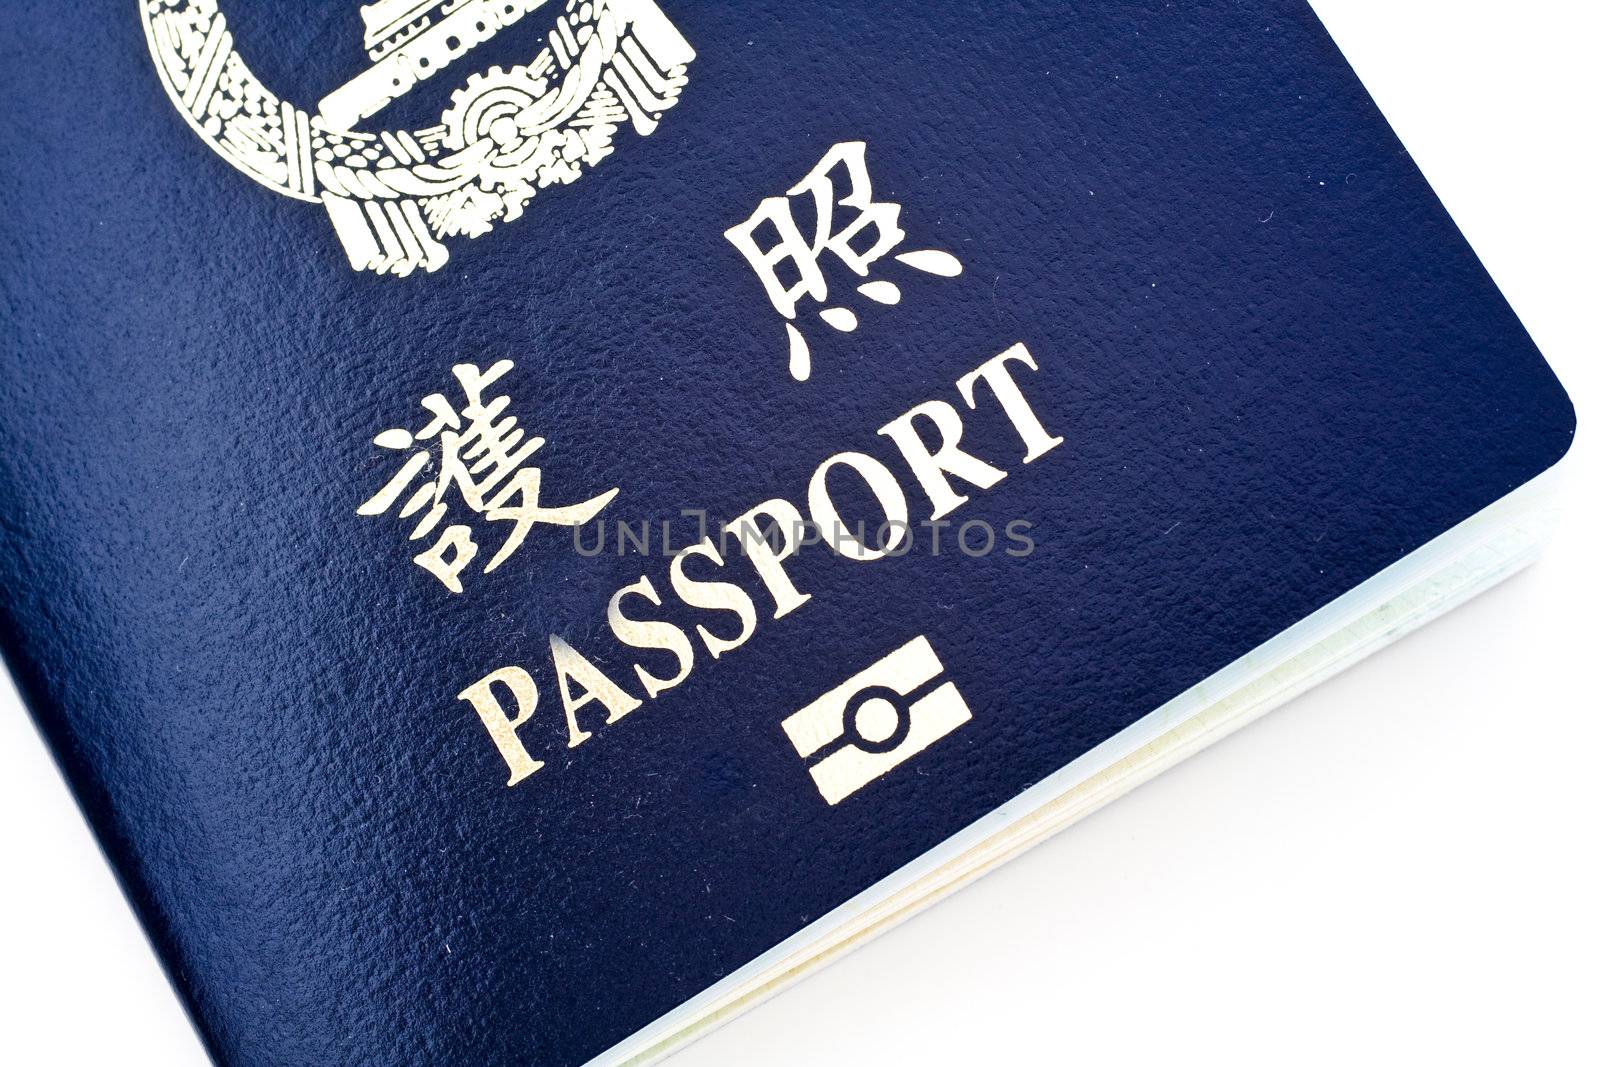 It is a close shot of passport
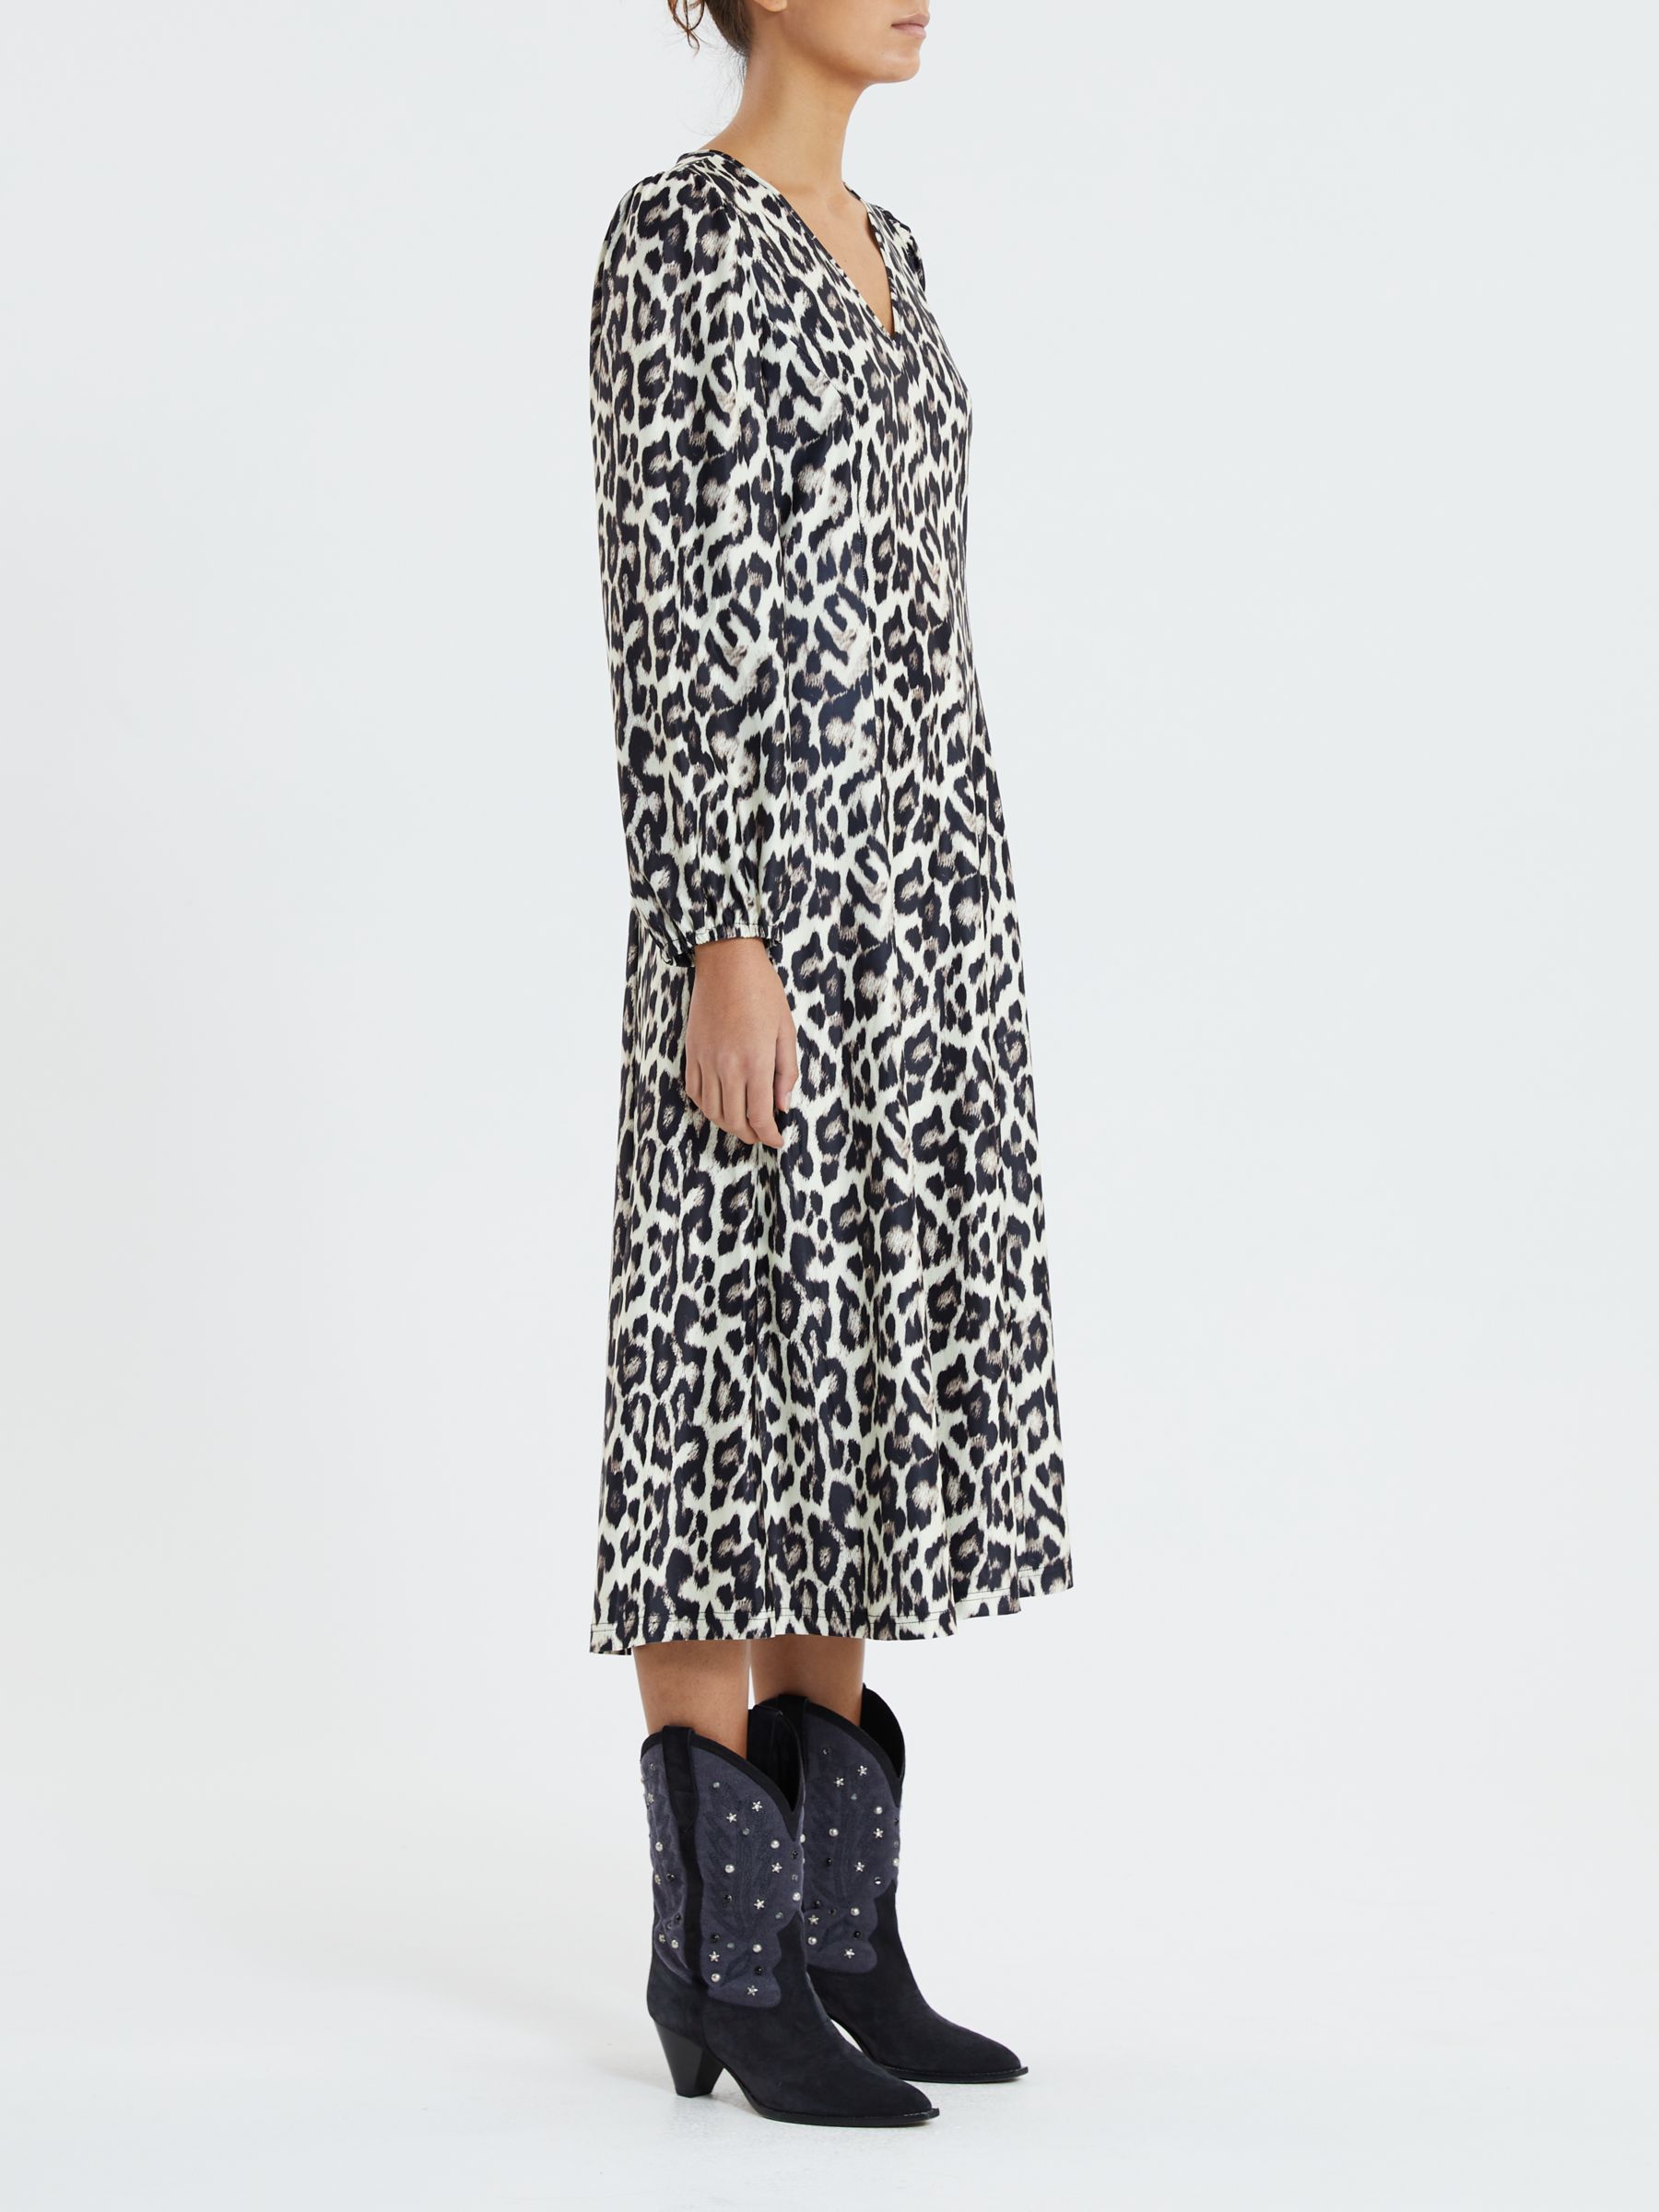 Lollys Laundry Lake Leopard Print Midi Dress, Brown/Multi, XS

* * *

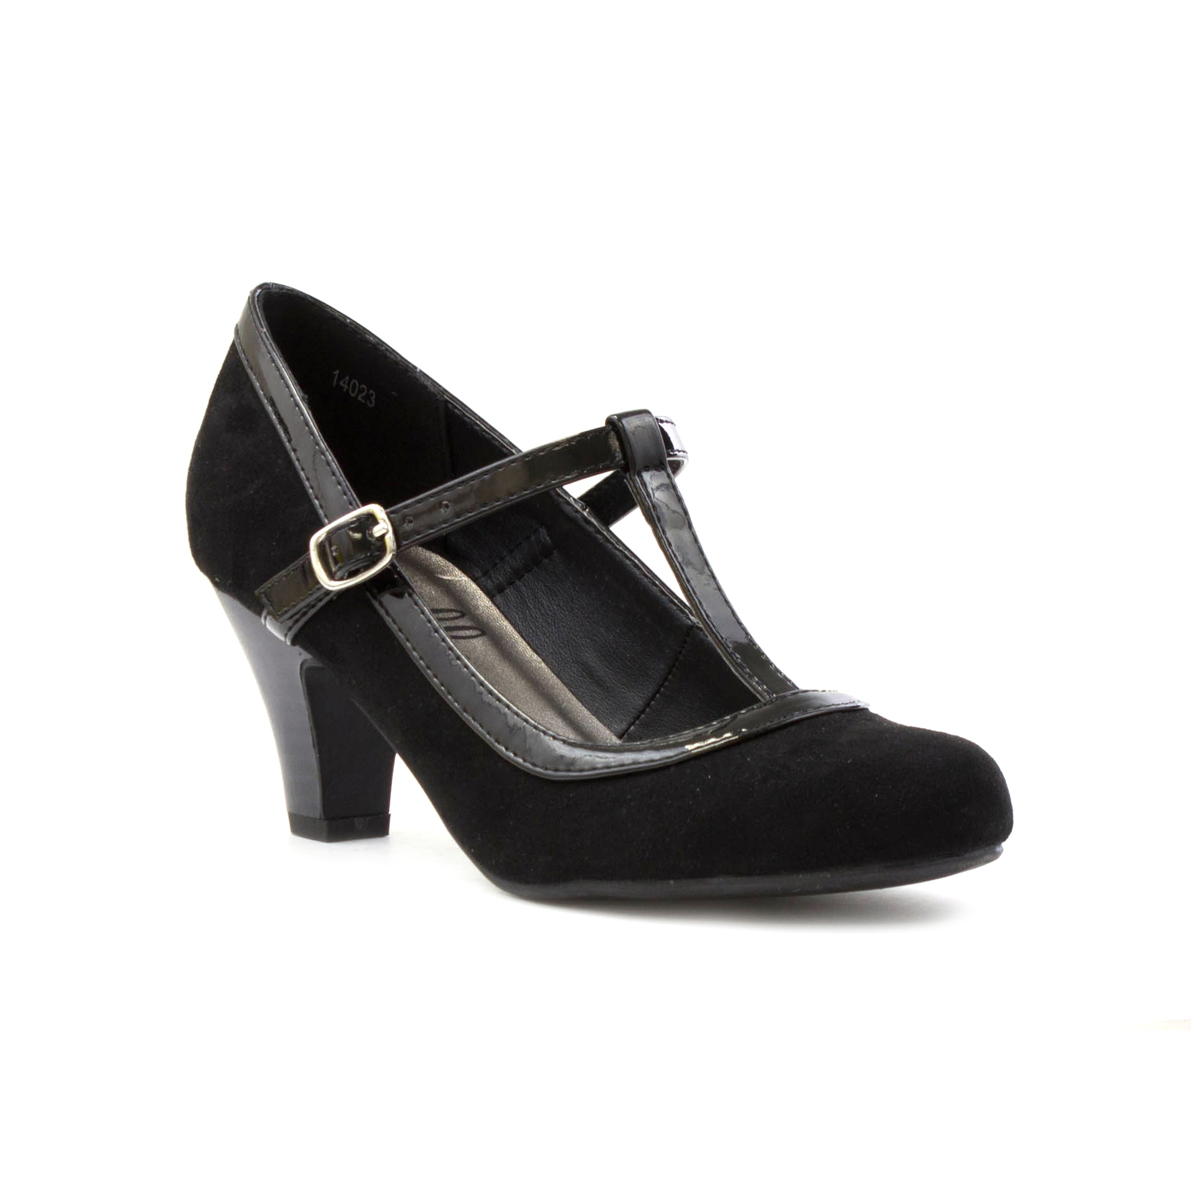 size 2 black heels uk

# Work instruction
Return the stretch of data that begins with the line showing "It is a close shot of passport" and goes on through the line showing "Lollys Laundry Lake", exactly, with pictures removed.

# Reply to the exercise
 It is a close shot of passport
 Lollys Laundry Lake Leopard Print Midi Dress, Brown/Multi, XS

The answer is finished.